In fact, it’s worth reconsidering my 1998 conclusions at some length. At that time I concluded in part that (excerpting from the concluding summary argument):
● Humans can generalize a wide range of universals to arbitrary novel instances. They appear to do so in many areas of language (including syntax, morphology, and discourse) and thought (including transitive inference, entailments, and class-inclusion relationships).
● Advocates of symbol manipulation assume that the mind instantiates symbol-manipulating mechanisms including symbols, categories, and variables, and mechanisms for assigning instances to categories and representing and extending relationships between variables.
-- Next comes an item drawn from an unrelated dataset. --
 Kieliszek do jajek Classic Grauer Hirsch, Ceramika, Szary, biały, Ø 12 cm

This account provides a straightforward framework for understanding how universals are extended to arbitrary novel instances.
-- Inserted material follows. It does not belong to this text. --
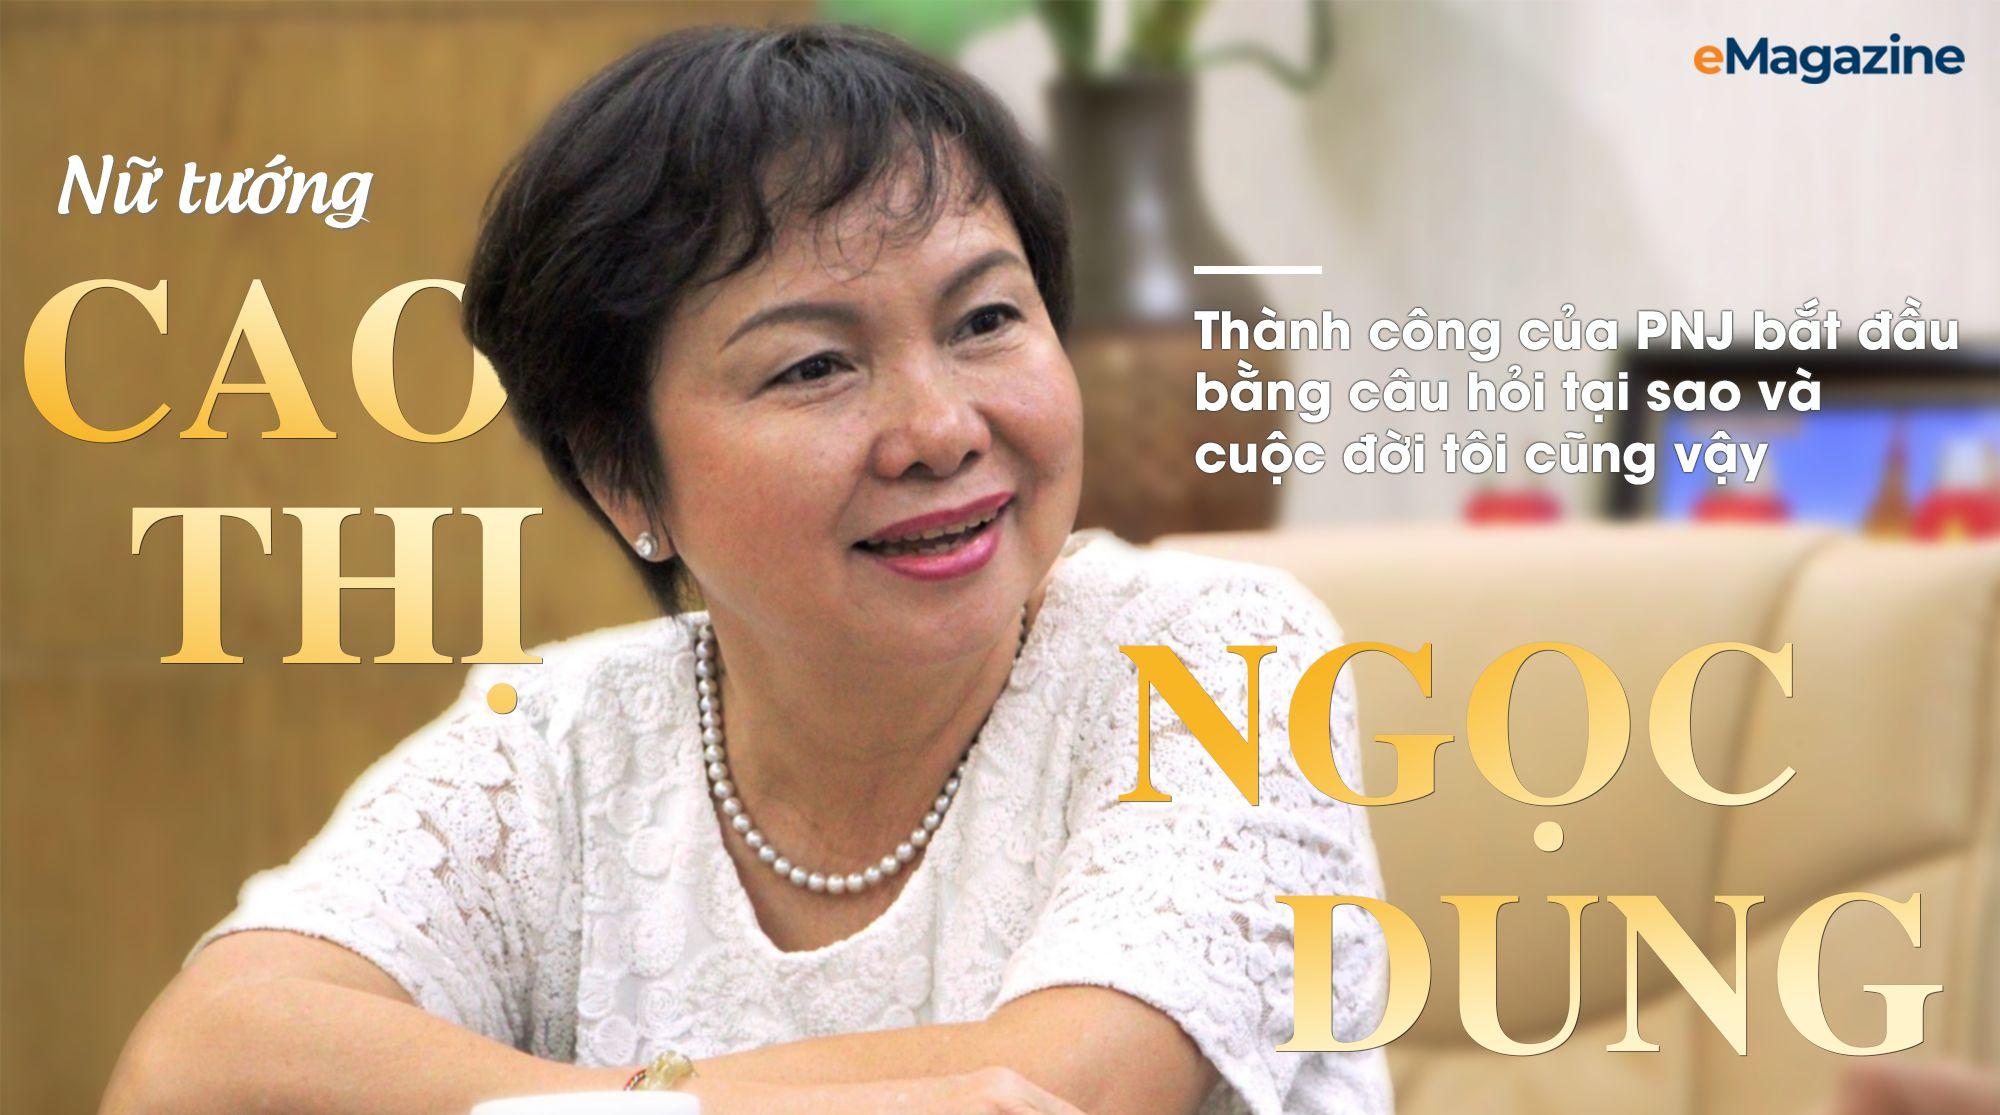 """Nữ tướng Cao Thị Ngọc Dung: """"Thành công của PNJ bắt đầu bằng câu hỏi tại sao và cuộc đời tôi cũng vậy"""""""

● Current eliminative connectionist models map input vectors to output vectors using the back-propagation algorithm (or one of its variants).
● To generalize universals to arbitrary novel instances, these models would need to generalize outside the training space.
● These models cannot generalize outside the training space.
● Therefore, current eliminative connectionist models cannot account for those cognitive phenomena that involve universals that can be freely extended to arbitrary cases.
Richard Evans and Edward Grefenstette’s recent paper at DeepMind, building on Joel Grus’s blog post on the game Fizz-Buzz, follows remarkably similar lines, concluding that a canonical multilayer network was unable to solve the simple game on its own “because it did not capture the general, universally quantified rules needed to understand this task”—exactly what I said in 1998.
Their solution? A hybrid model that vastly outperformed what a purely deep net would have done, incorporating both back-propagation and (continuous versions) of the primitives of symbol manipulation, including both explicit variables and operations over variables. That’s really telling. And it’s where we should all be looking: gradient descent plus symbols, not gradient descent alone. If we want to stop confusing snow plows with school buses, we may ultimately need to look in the same direction, because the underlying problem is the same: In virtually every facet of the mind, even vision, we occasionally face stimuli that are outside the domain of training; deep learning gets wobbly when that happens, and we need other tools to help.
All I am saying is to give Ps (and Qs) a chance.
Gary Marcus was CEO & Founder of the machine learning company Geometric Intelligence (acquired by Uber), and is a professor of psychology and neural science at NYU, and a freelancer for the New Yorker and The New York Times.